We'll be fishing off a rented pontoon boat. I did spring for the PiranhaMax 230 portable fish finder and I'm hoping I can find a place to attach the suction cup transducer. 

Wish me luck!


----------



## BROWN BAGGER (Sep 13, 2007)

What I do for distance is, the length of my pole, height of my boat from the water and maybe an extra foot or two for my arm reach. With a pontoon boat, you have excellant possiblities. You just want to be able land that fish without to much problems guiding it into the net. As far as your 2 better halfs  you could pick up some lure jensen jet divers. they are much cheaper. a size 20 goes down 20 feet and size 30, you get the point; and that is all they will dive, no matter how much line you let out. jet divers don't have a release to stop the diving action, so you have to deal with the pull of the fish and the dive; but like I said they are much cheaper. I'm feeling some problems for you though, I was up there on the 1st.
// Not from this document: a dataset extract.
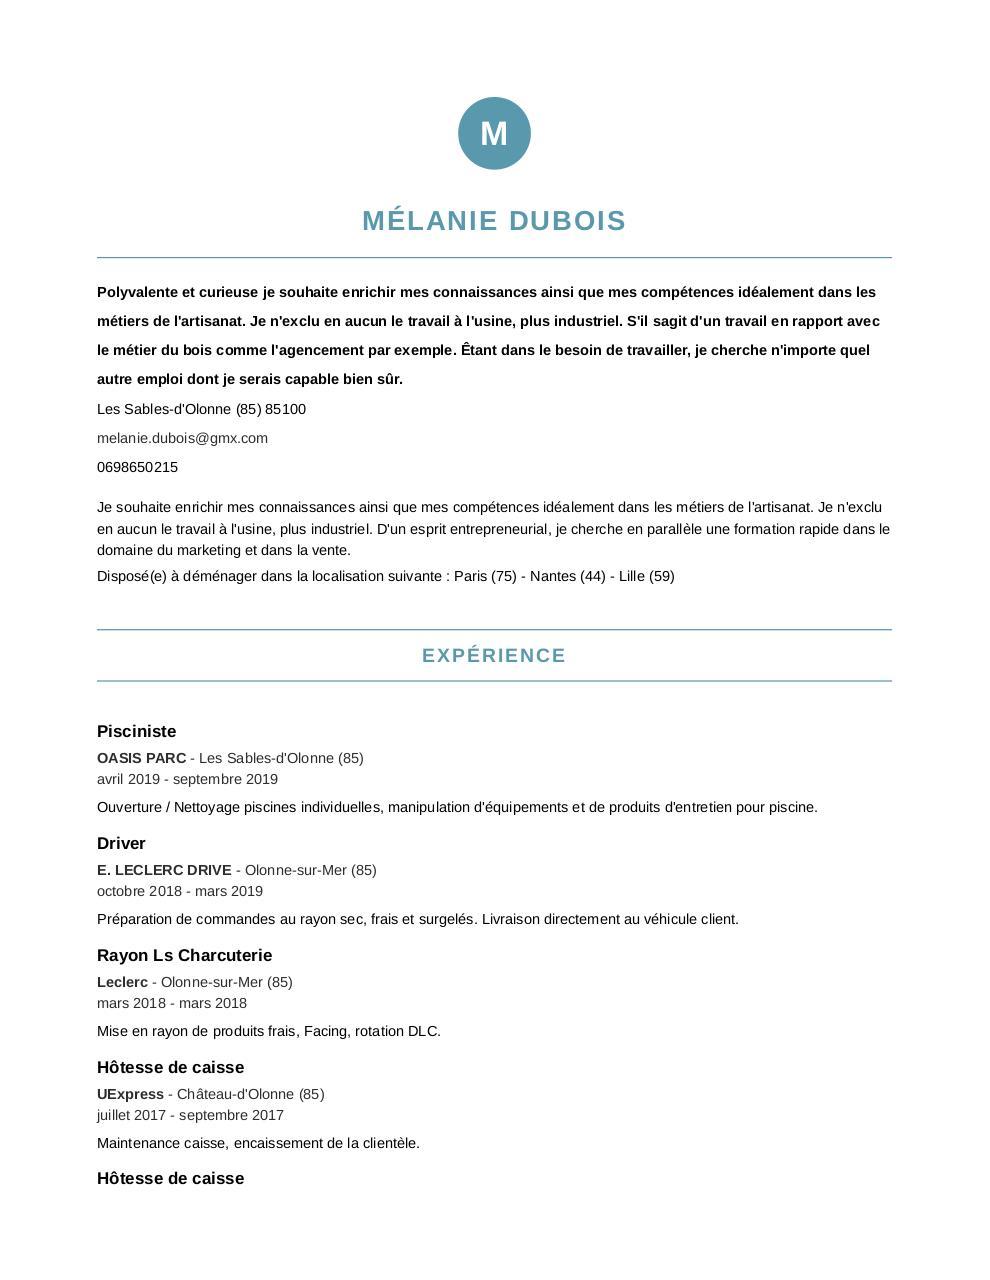 Mélanie Dubois Indeed Com Mélanie Duboiscvindeed Pdf

Lots of floating weeds in the water, which picks up on your line. I didn't have much problems due to the downriggers. Fishing was slow, surface water temp was at 70 deg. so you do need to get down deep. fish at first sun up and sun down, those were the best times. be on that water a 6.00am.


----------



## Gameface (Jun 7, 2008)

I've read a few reports about all the floating weeds. If it's bad does it stay bad all year? Or is there a chance that it will start clearing up later in the year?


----------



## BROWN BAGGER (Sep 13, 2007)

once the lake turns over. near october


----------